In the Domino’s example the marketing Campaign is entirely conceptual – the content is provided by the paying customer.
The growth of Internet led technology has caused, and will continue, the evolution of established institutions. This evolution impacted obvious areas – news media, print and traditional television-are seeing almost over night change. The new content creation tools
“History records endless examples of “revolutions” that replaced old technologies and even governments without significantly altering society itself and the people in it. By contrast, real revolutions replace institutions as well as technologies. And they do more: They break down and reorganize what social psychologists call the role structure of society. … But anyone who underestimates the revolutionary character of today’s changes is living an illusion.”
-Alvin Toffler, Revolutionary Wealth
What has not been so obvious to large business is the growing erosion of high-end production content by low to medium quality content producers. All content creation has become cheap, disposable and fast, done by anyone from amateurs to skilled producers in direct competition to high-end productions.

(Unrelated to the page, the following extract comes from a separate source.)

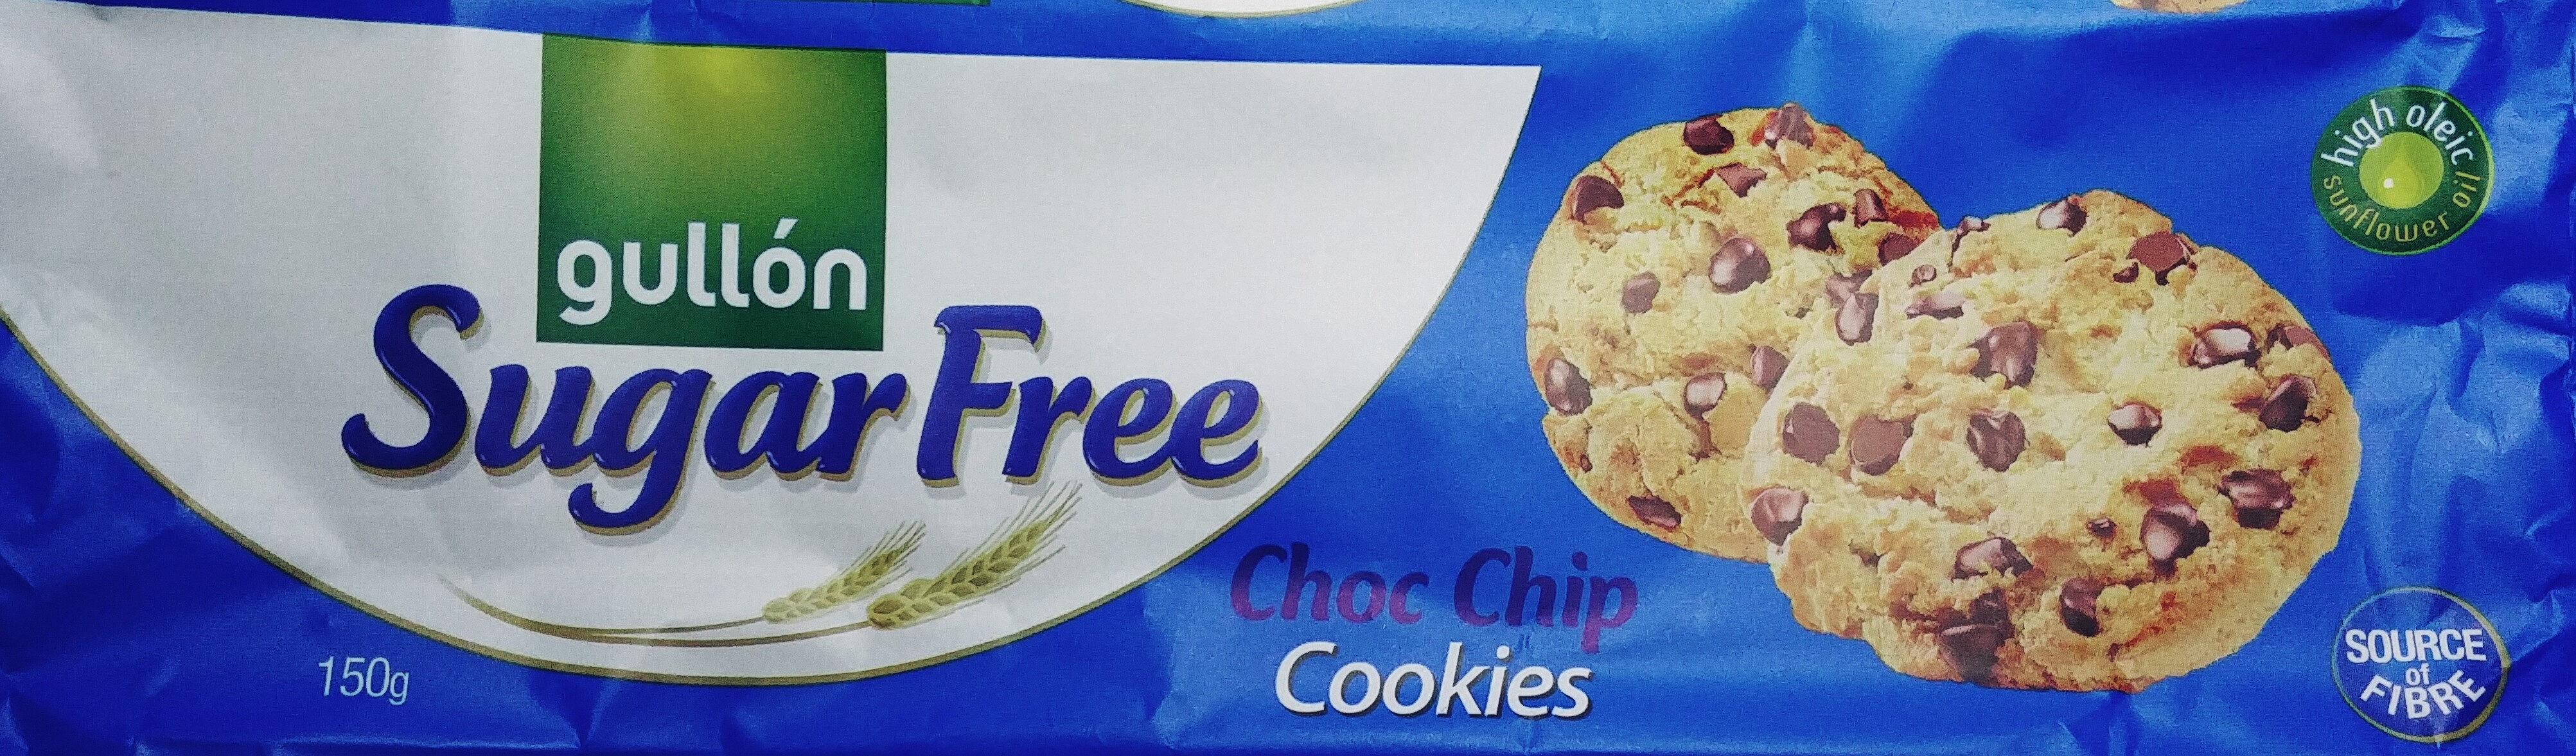 Sugar Free Choc Chip Cookies - Produkt - pl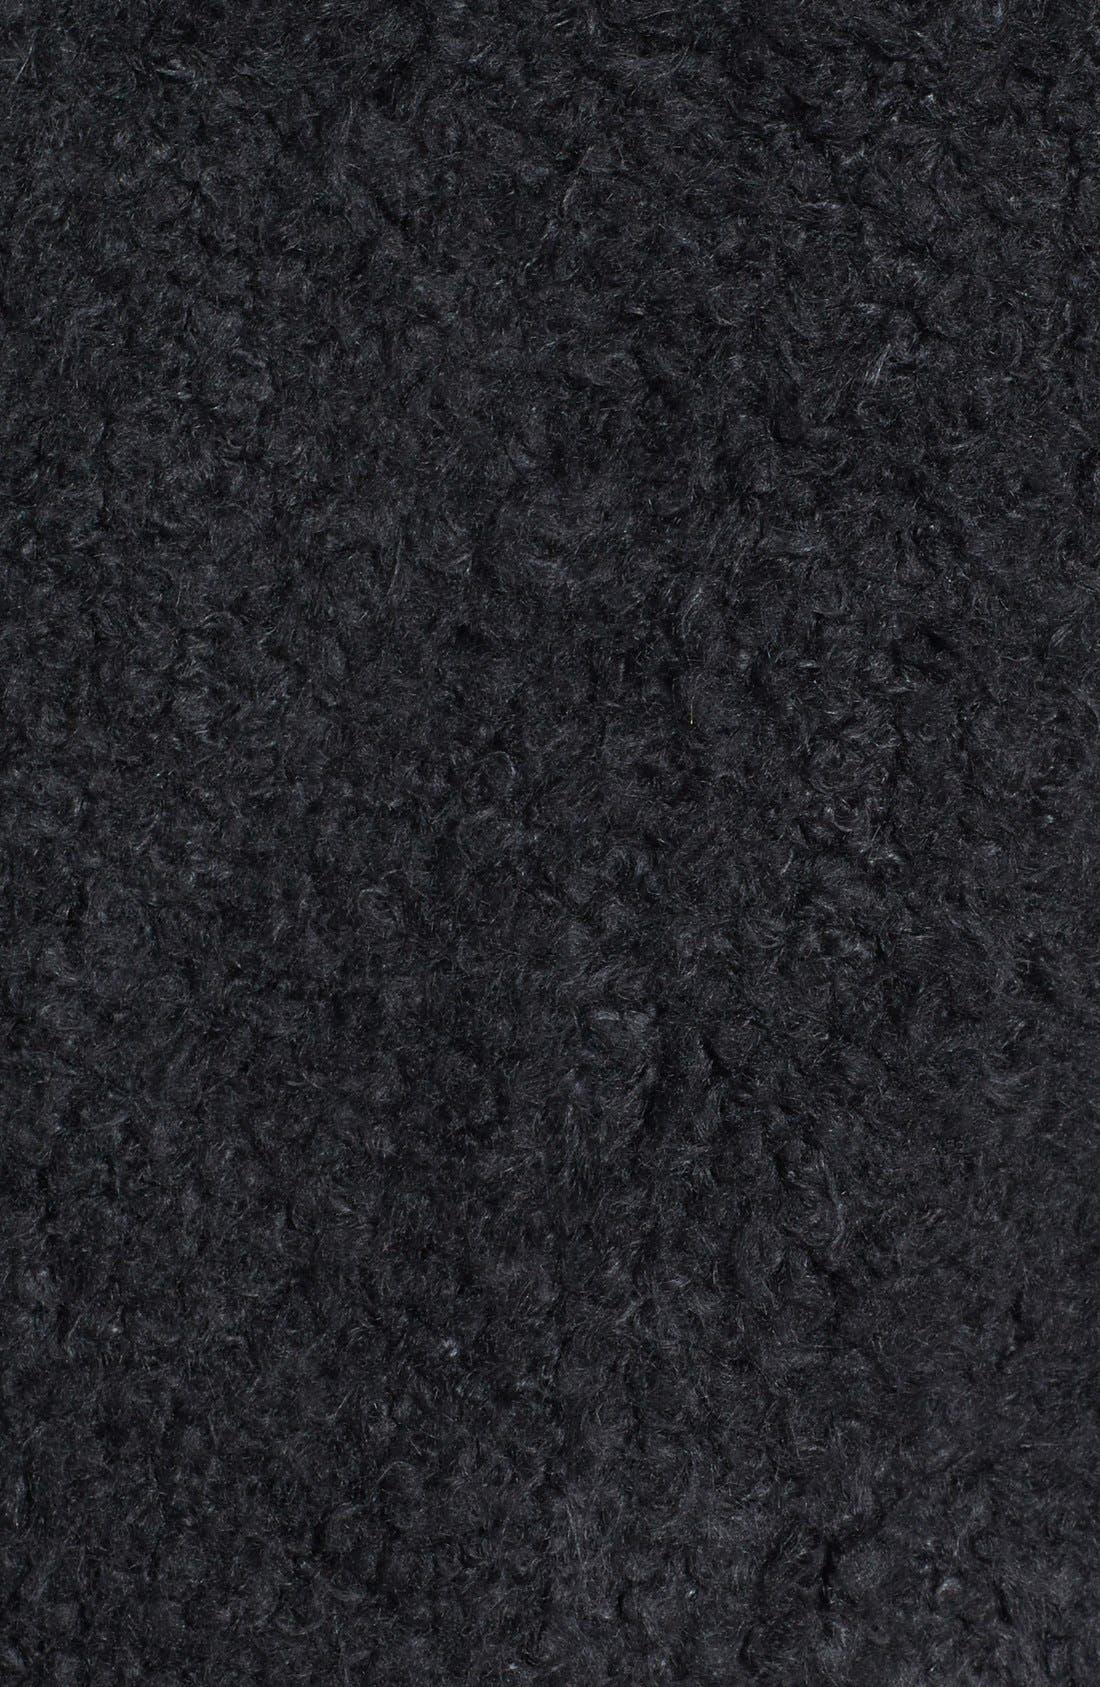 Alternate Image 3  - Topshop 'Teddy' Faux Fur Peacoat

Once anything is delivered on-line it can never be truly owned again. Our marketing should be designed with the intent, indeed hope, that it be reconfigured, redistributed and recombined. The 20th century was dominated by the “read only” system of content delivery (entertainment, marketing etc.) and Americans could receive but not collaborate and create. The new age has given us the opportunity to collaborate again. This is a prismatic way of viewing personalization.
“ Here's the argument. In my view the most significant thing to recognize about what this Internet is doing, is its opportunity to revive the read-write culture ... User-generated content, spreading in businesses in extraordinarily valuable ways like these, celebrating amateur culture. By which I don't mean amateurish culture, I mean culture where people produce for the love of what they're doing and not for the money. I mean the culture that your kids are producing all the time. … Taking the songs of the day and the old songs and remixing them to make them something different. It's how they understand access to this culture.”
- Larry Lessig, TED speech
If the content is compelling the public will co-opt it and redistribute it for us. Take for example the Back to School 2008 work from Kohl’s.
While the relative success of the program might be questionable, consider the fact that the above audio mash-up on YouTube, happened two years after the initial television spot ran.
The informal model of content creation, provision, classification and distribution by users to the benefit of an institution is proved. Flikr, Wikipedia, eBay, Facebook, YouTube and many more are all, or nearly all, the aggregated content of its users. The institutions benefit from the content merely by providing easy, shareable, contextually relevant space for the clients.
The human desire to share combined with the global web and the plummeting cost of high quality equipment equal bad news for those hanging too rigidly to old content creation models. When we consider that the home equipment of many of our customers have capabilities beyond those of a professional television studio in 1995 the ability to communicate becomes unstoppable.
Ultimately, the passion of the community is for the quality of the work not, necessarily for the process we use to create it.